──────── DATA SECTION

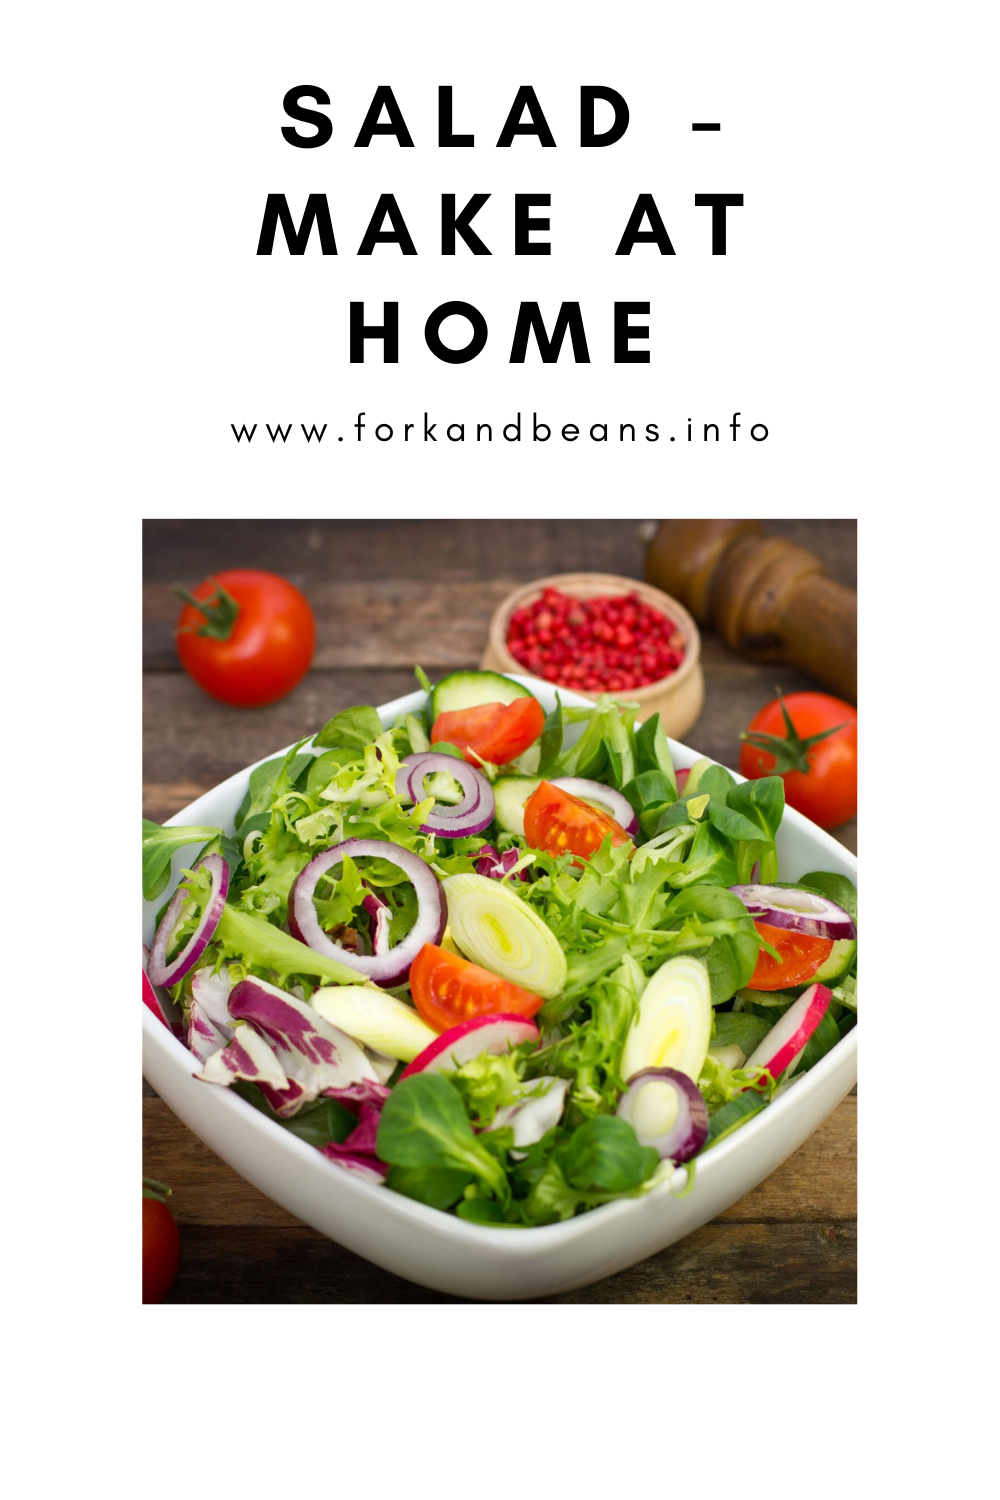 How To Make A Salad At Home: Good Food For A Good Life
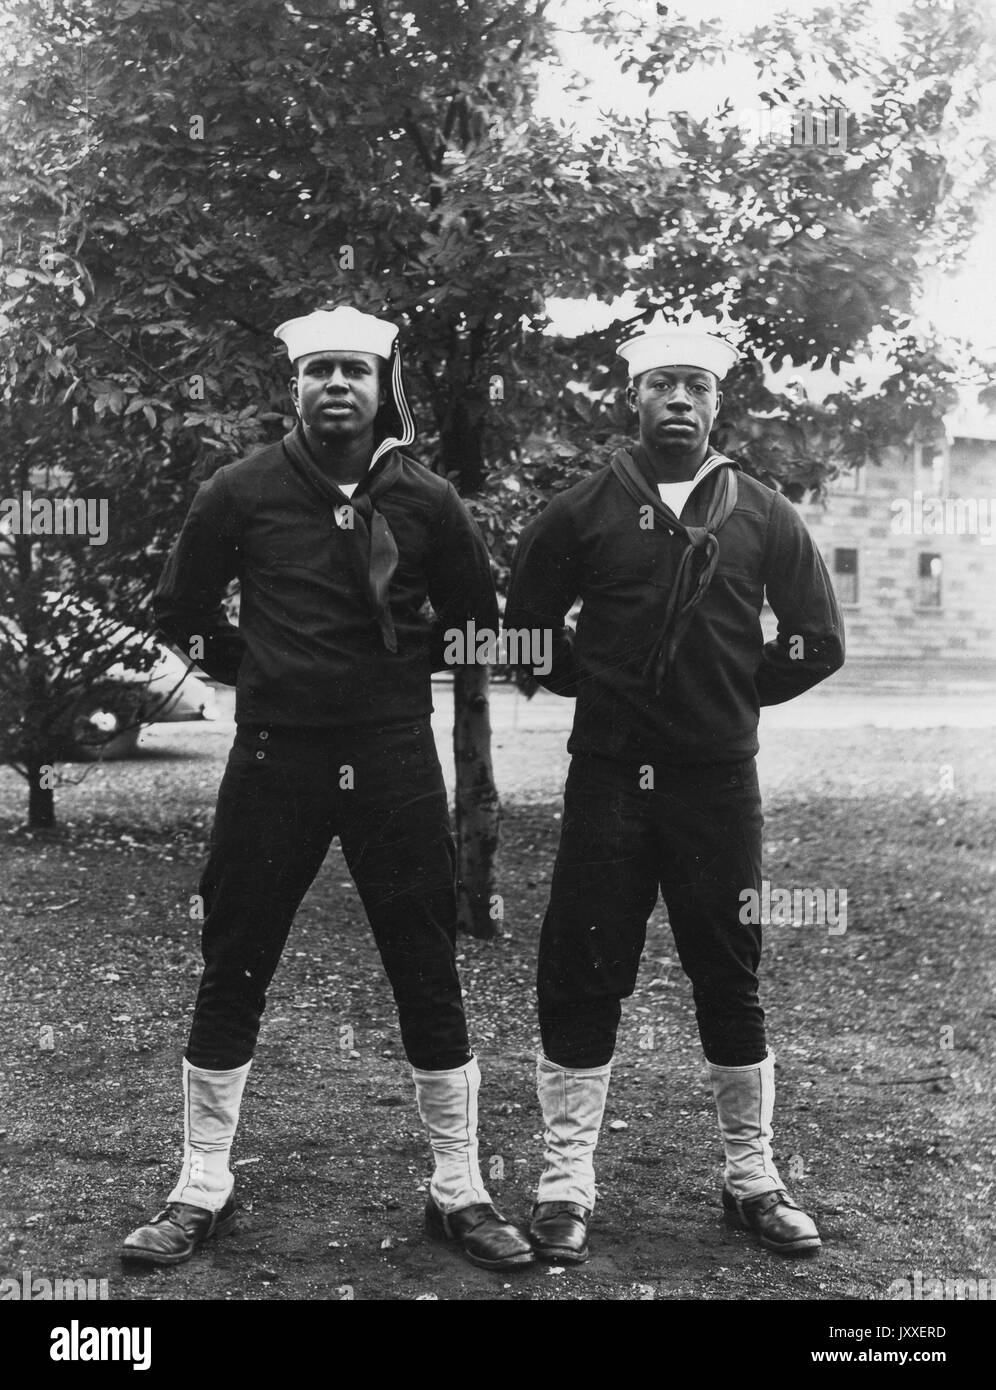 Portrait of two African American US Navy Sailors standing in front of a tree, they are both wearing dark colored Sailor uniforms and light colored Sailor hats, both have their arms bent and behind their backs, 1920. Stock Photo
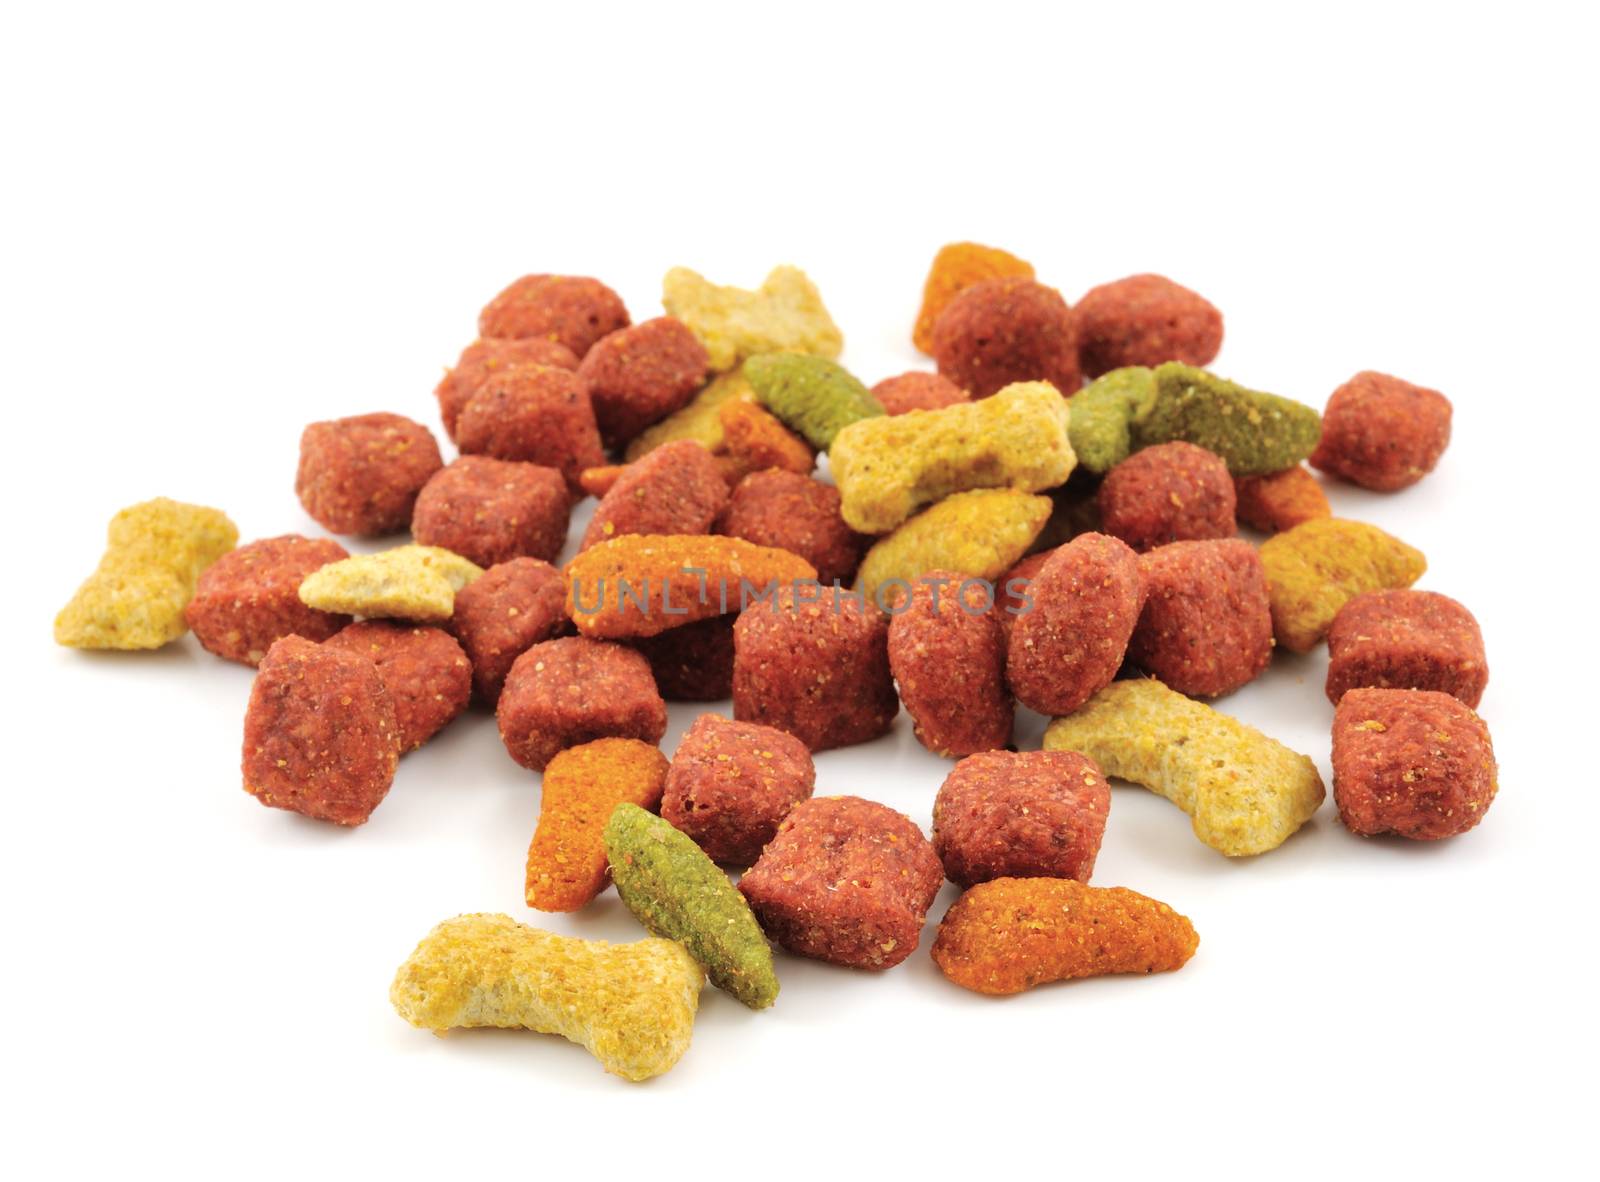 Dry dog food on white background. by sommai
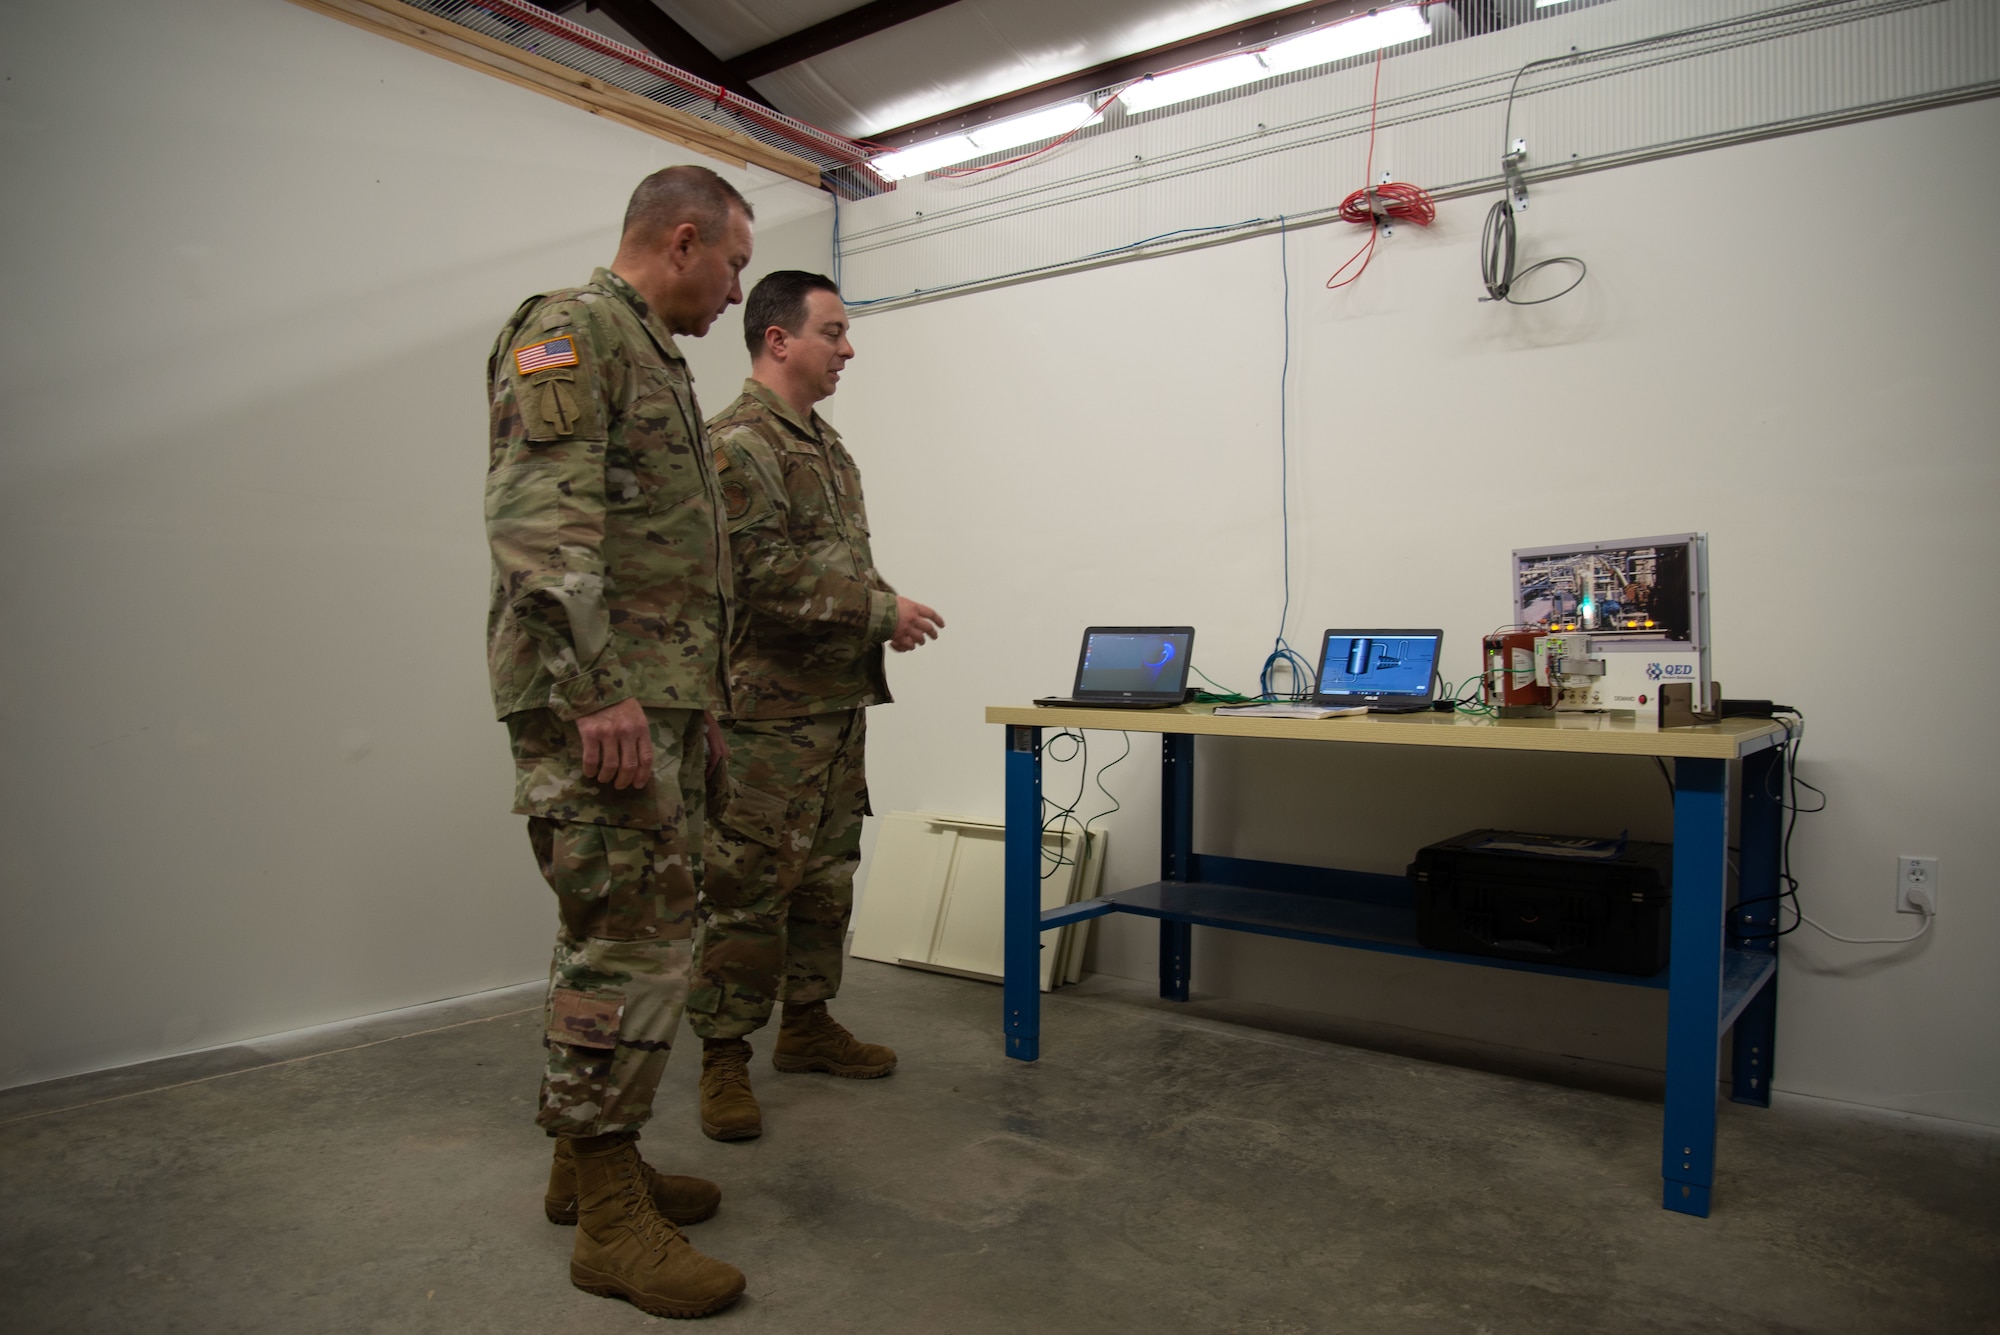 Maj. Gen. Anthony Hale, Commander, U.S. Army Center of Excellence and Fort Huachuca, listens as 1st Lt. Aaron Rutten, 175th Cyber Operations Group, Maryland Air National Guard demonstrates key ideas of cyber protection while on a tour on Camp Shelby Joint Forces Training Center, Mississippi, April 22, 2023.

────────────────

*ABOUT THIS EXERCISE*:
Exclude the pictures and print the rest of the data exactly.

*ANSWER TO THIS PROBLEM*:
 How To Make A Salad At Home: Good Food For A Good Life
 Portrait of two African American US Navy Sailors standing in front of a tree, they are both wearing dark colored Sailor uniforms and light colored Sailor hats, both have their arms bent and behind their backs, 1920. Stock Photo
 Dry dog food on white background. by sommai
 Maj. Gen. Anthony Hale, Commander, U.S. Army Center of Excellence and Fort Huachuca, listens as 1st Lt. Aaron Rutten, 175th Cyber Operations Group, Maryland Air National Guard demonstrates key ideas of cyber protection while on a tour on Camp Shelby Joint Forces Training Center, Mississippi, April 22, 2023.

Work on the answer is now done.